# EXERCISE DESCRIPTION
Retype, word for word, the line holding "The Good, The" and every line below it to the end of the listing. Leave out the pictures.

# EXERCISE DATA
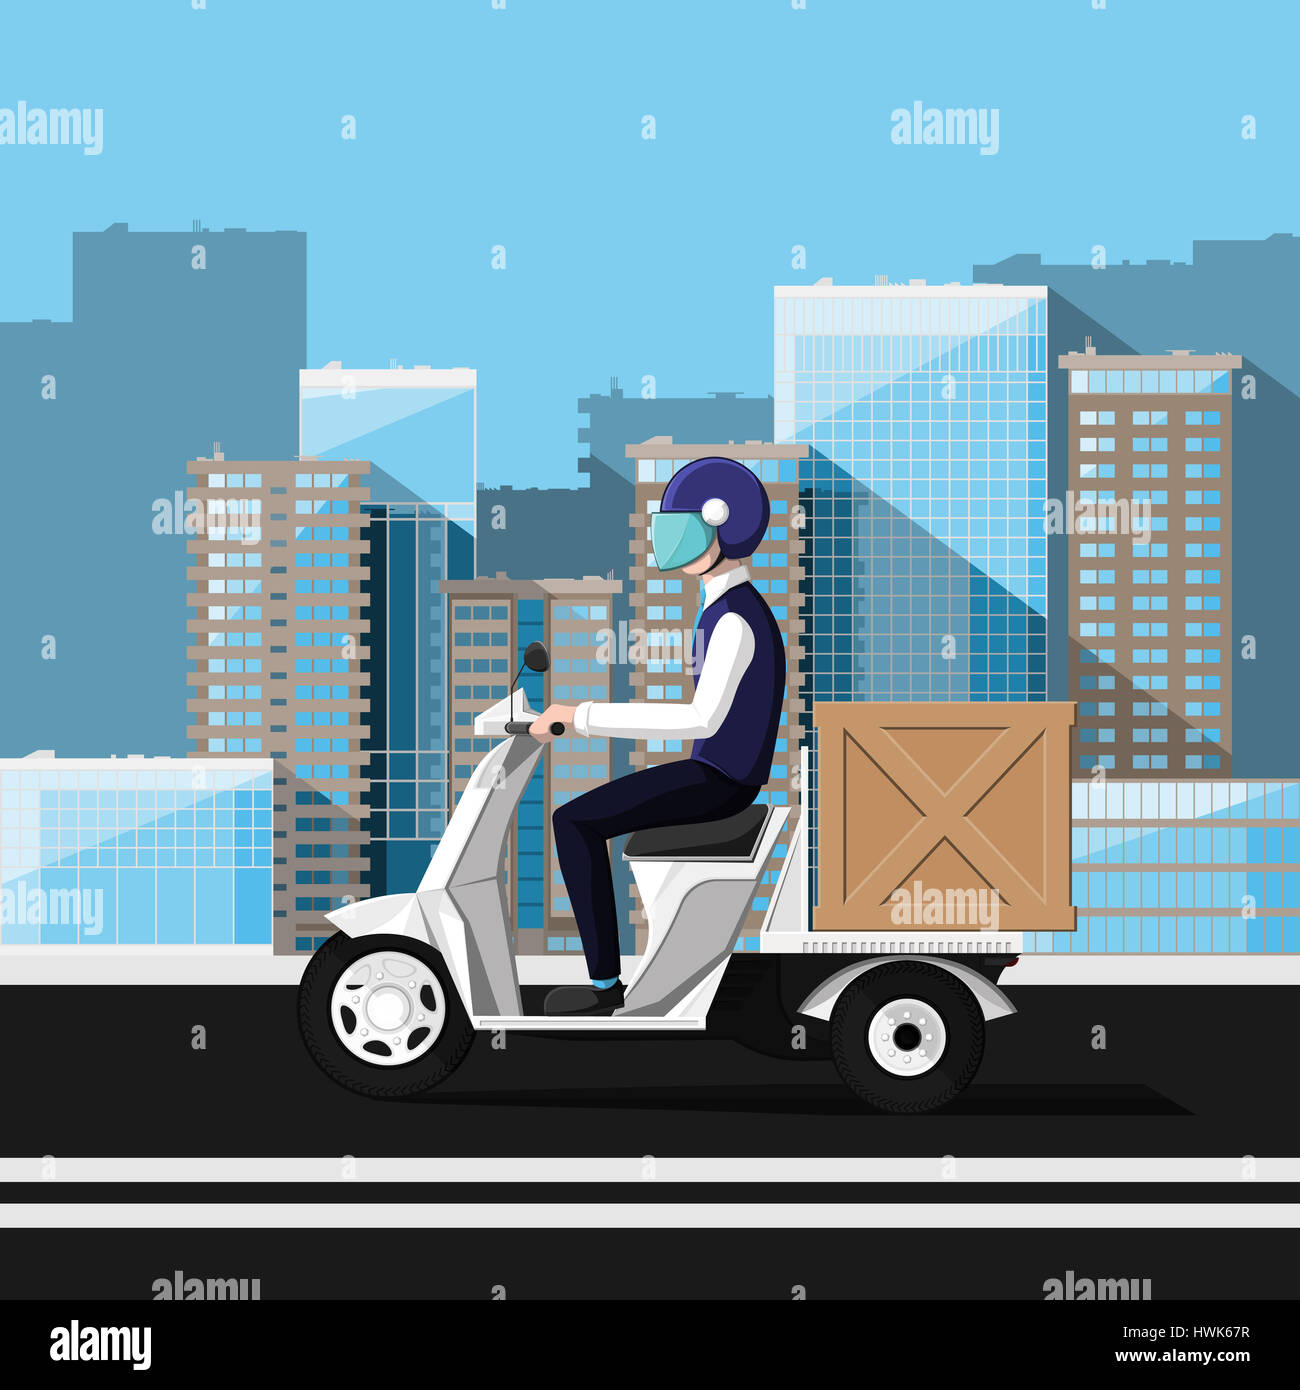 Deliveryman rides on a motor scooter with delivery box against background of the cityscape. Flat design illustration. Stock Photo
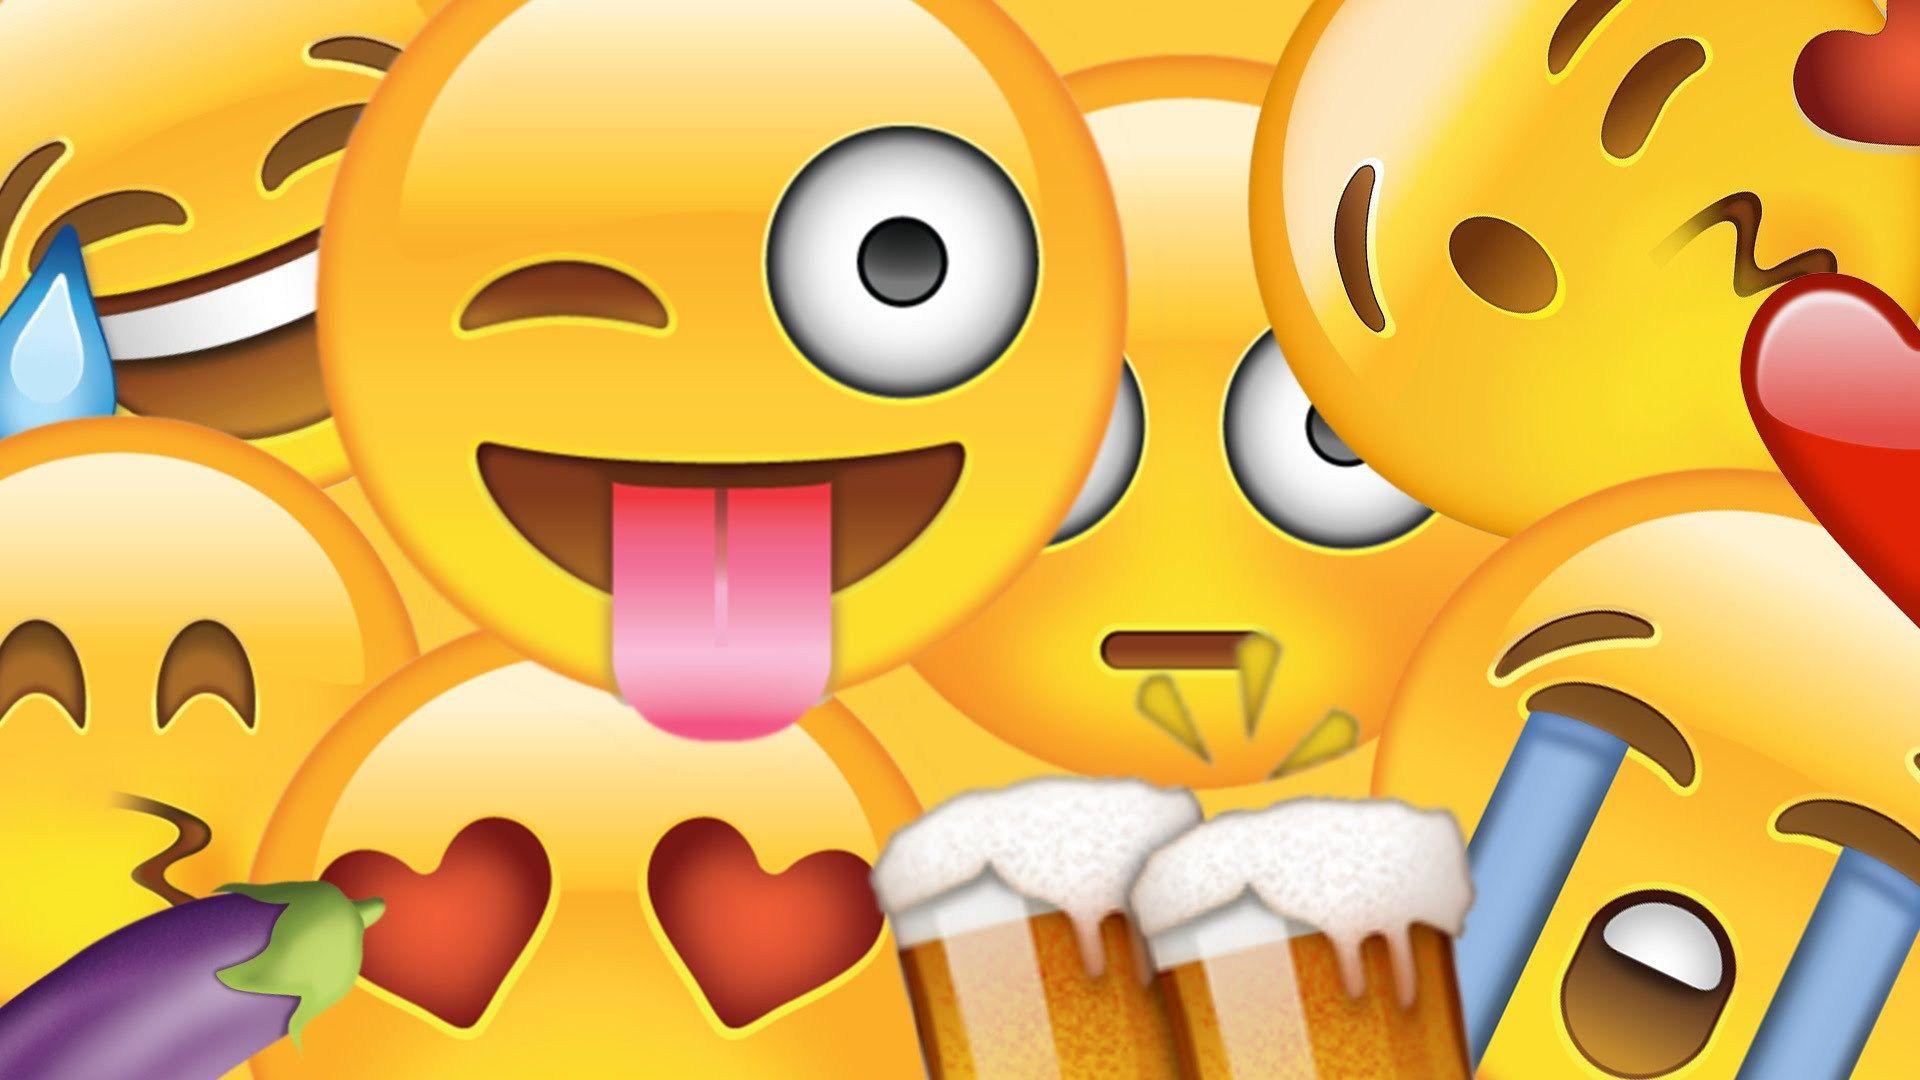 The Good, The Bad and The Ugly: Why Emojis Are Taking Over
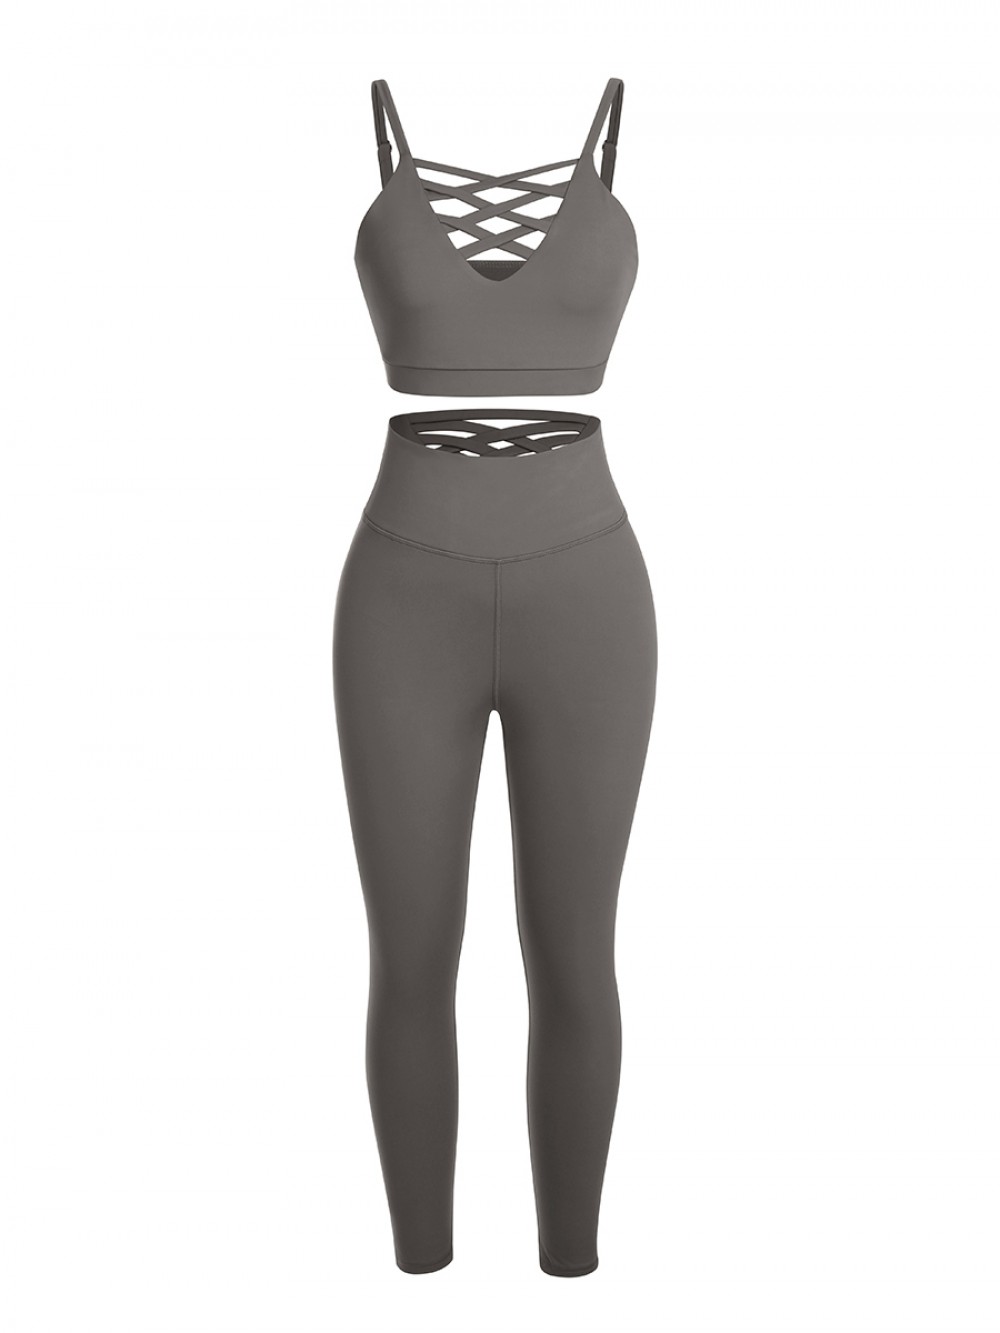 Gray Sports Sets Low Back Wide Waistband Pockets Natural Outfit

# RESPONSE TO THE TASK
 The Good, The Bad and The Ugly: Why Emojis Are Taking Over
 Gray Sports Sets Low Back Wide Waistband Pockets Natural Outfit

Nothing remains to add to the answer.